# Tivo Edge provides pixelated reception



## Momof4 (6 mo ago)

We have a Tivo Edge for Antenna that is hooked up to our main TV in the livingroom. It gets very pixelated reception. Our other 2 TV's in other rooms are hooked to the same antenna but not the Tivo and they get perfect reception. We are less than 10 miles from the cluster of TV towers so reception shouldn't be a problem for us. What can I do to fix this issue?


----------



## Terrestrial (Jan 22, 2016)

First thing to check is signal strength to make sure you are getting a good reception to the Tivo.

Go to Tivo Menu, then Setting, then Channel Settings, then Antenna Signal Strength. If you have a signal strength over 80 ( >90 very good) and a green bar you have good signal strength from your antenna. Check more than one channel using the channel up and down button. Also, how many channels did you get when you ran channel scan. In Minneapolis I get 48 or so OTA channels as example. Since you are so close to the transmission antennas there is a possibly that you signal strength is to strong, I think that would be over 100 signal strength but not sure how that would show.

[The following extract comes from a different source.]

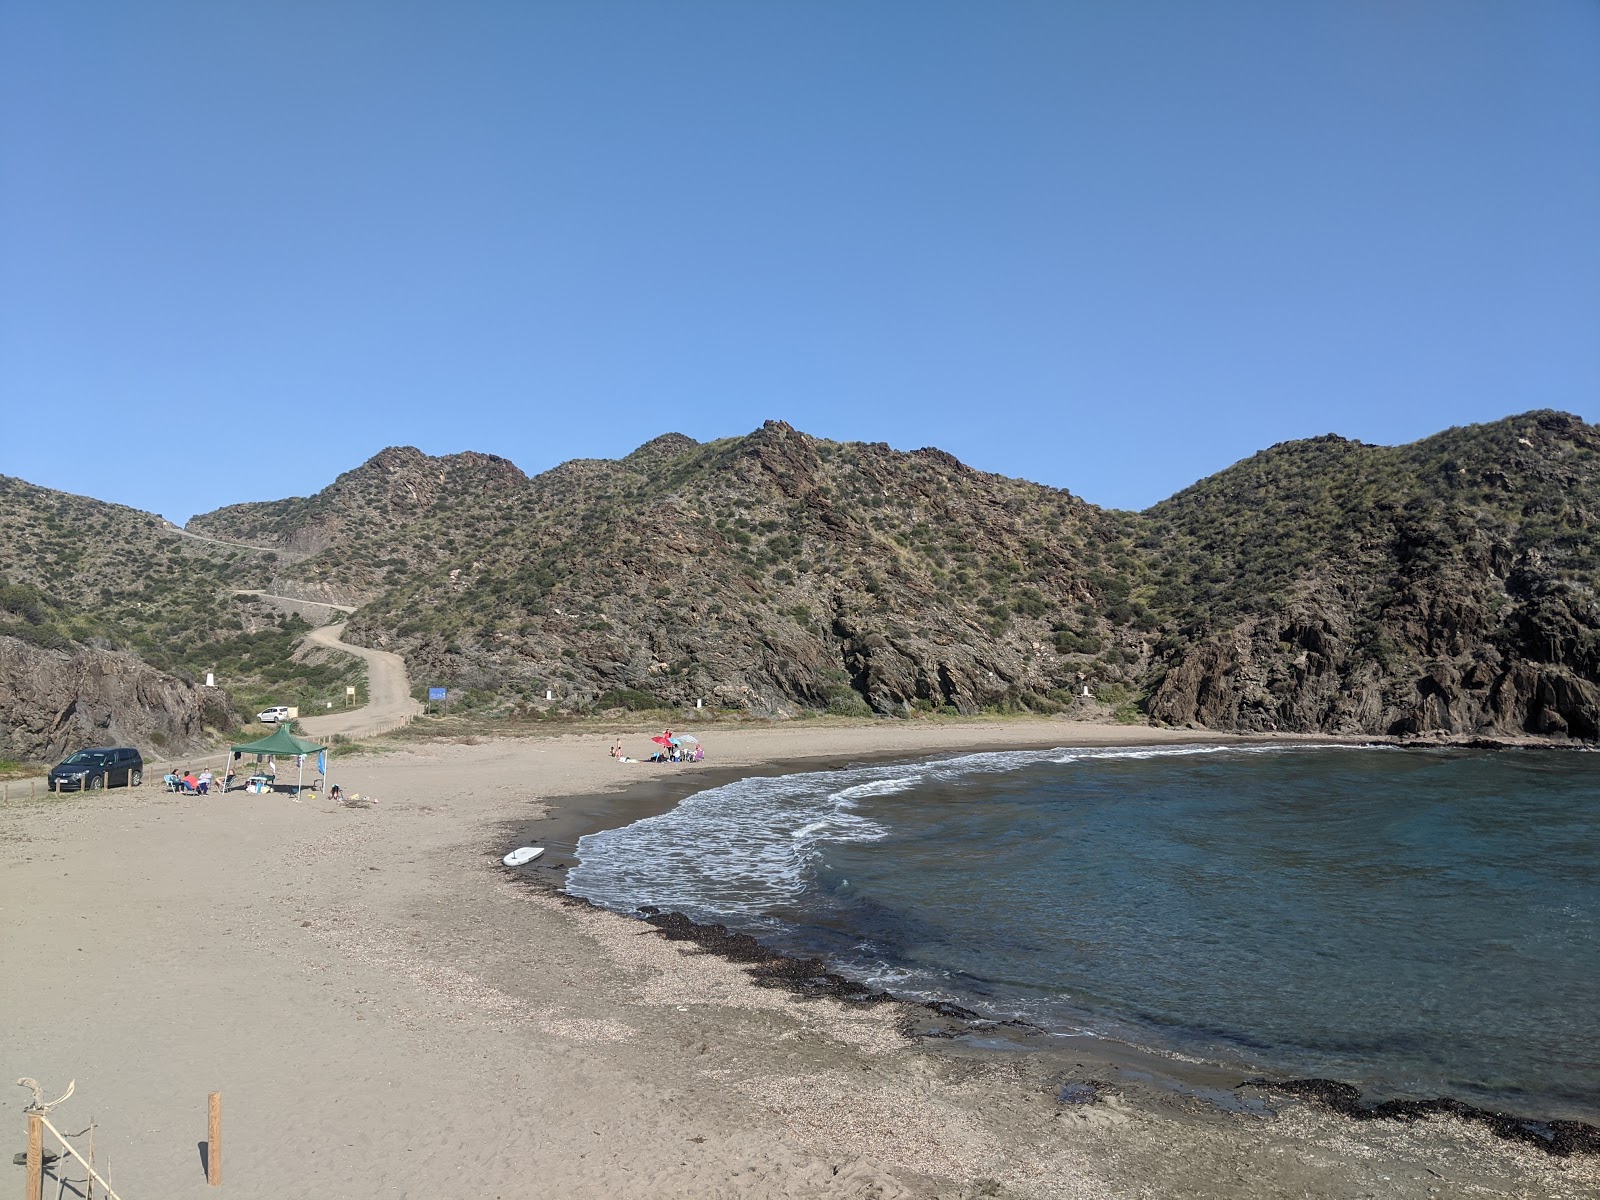 Playa del Siscal'in fotoğrafı kahverengi kum yüzey ile

If that shows good then you need to look at some settings between the Tivo and your TV, like resolution for HDMI.


----------



## charlesjbiller (7 mo ago)

I would also experiment and see if that TV in the living room is able to be connected directly to the antenna. Are you using RG type cable from the antenna and splitters for all 3 TVs?
Each splitter decreases signal. A 3-way splitter even more.


----------



## Old Roamio 0 (Jul 19, 2020)

I uncheck the stations on the channels list that are pixelated or otherwise don’t work.


----------



## charlesjbiller (7 mo ago)

Old Roamio 0 said:


> I uncheck the stations on the channels list that are pixelated or otherwise don’t work.


Just thought of this. Are those channels 4K broadcasted? Your equipment may not be compatible for 4K?


----------